- REQUIRED ACTION: The reply must repeat the listing below exactly and carry none of its pictures.

(INFORMATION SHOWN Opens)

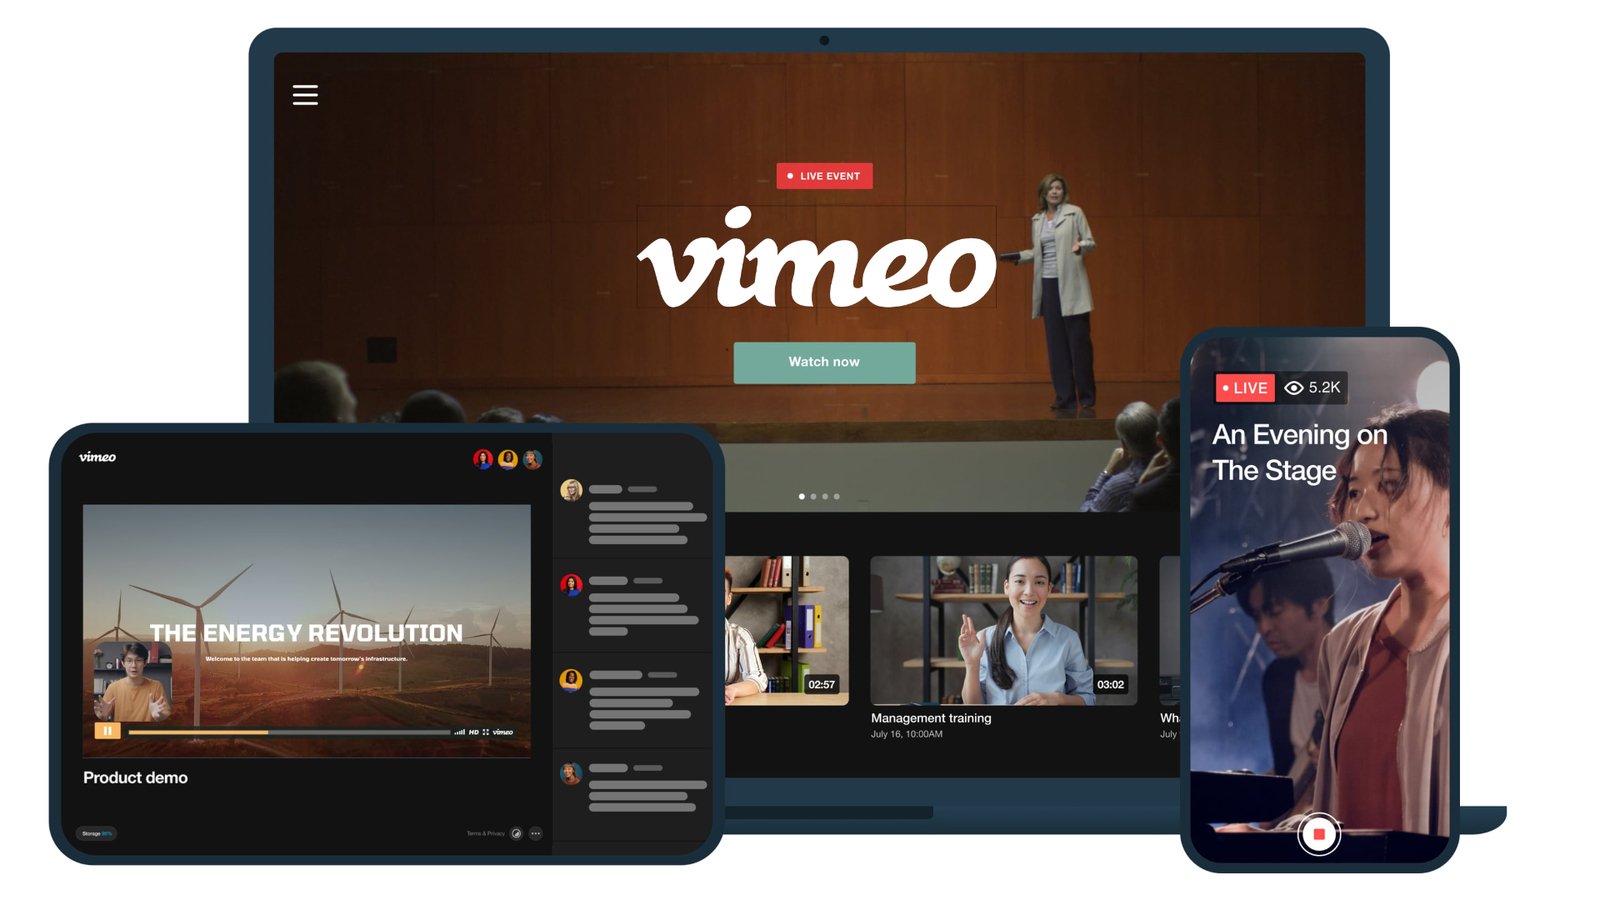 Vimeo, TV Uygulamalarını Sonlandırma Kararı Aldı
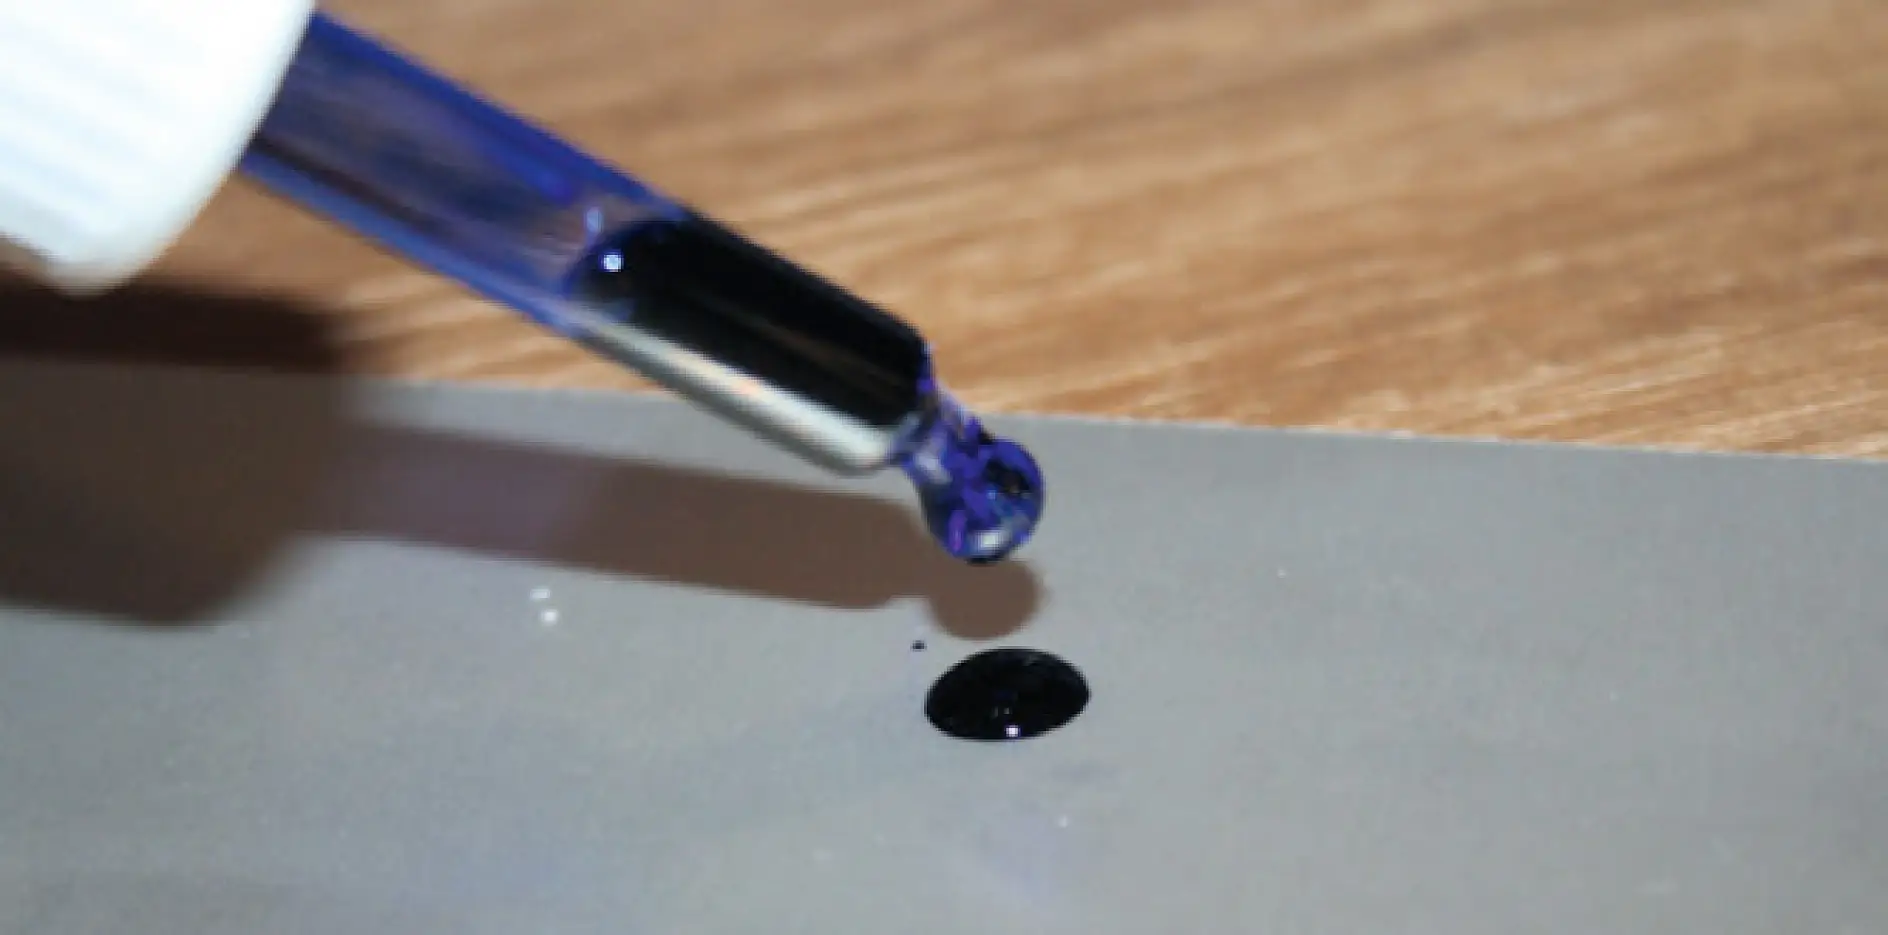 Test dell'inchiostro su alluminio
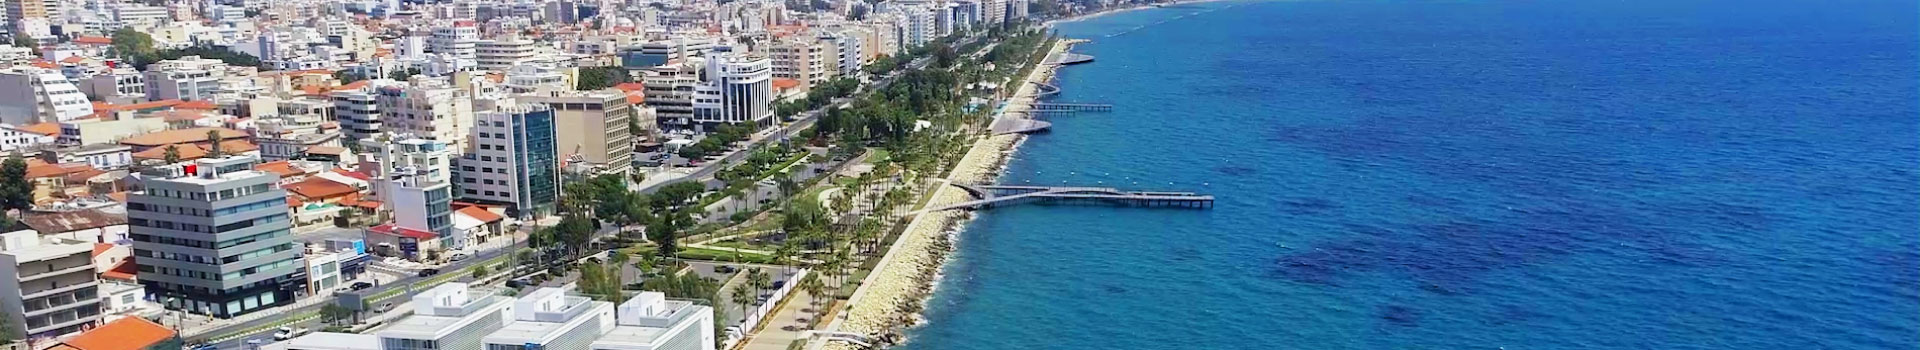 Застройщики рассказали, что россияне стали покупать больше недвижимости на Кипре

(INFORMATION SHOWN Closes)

- REPLY:
 Vimeo, TV Uygulamalarını Sonlandırma Kararı Aldı
 Test dell'inchiostro su alluminio
 Застройщики рассказали, что россияне стали покупать больше недвижимости на Кипре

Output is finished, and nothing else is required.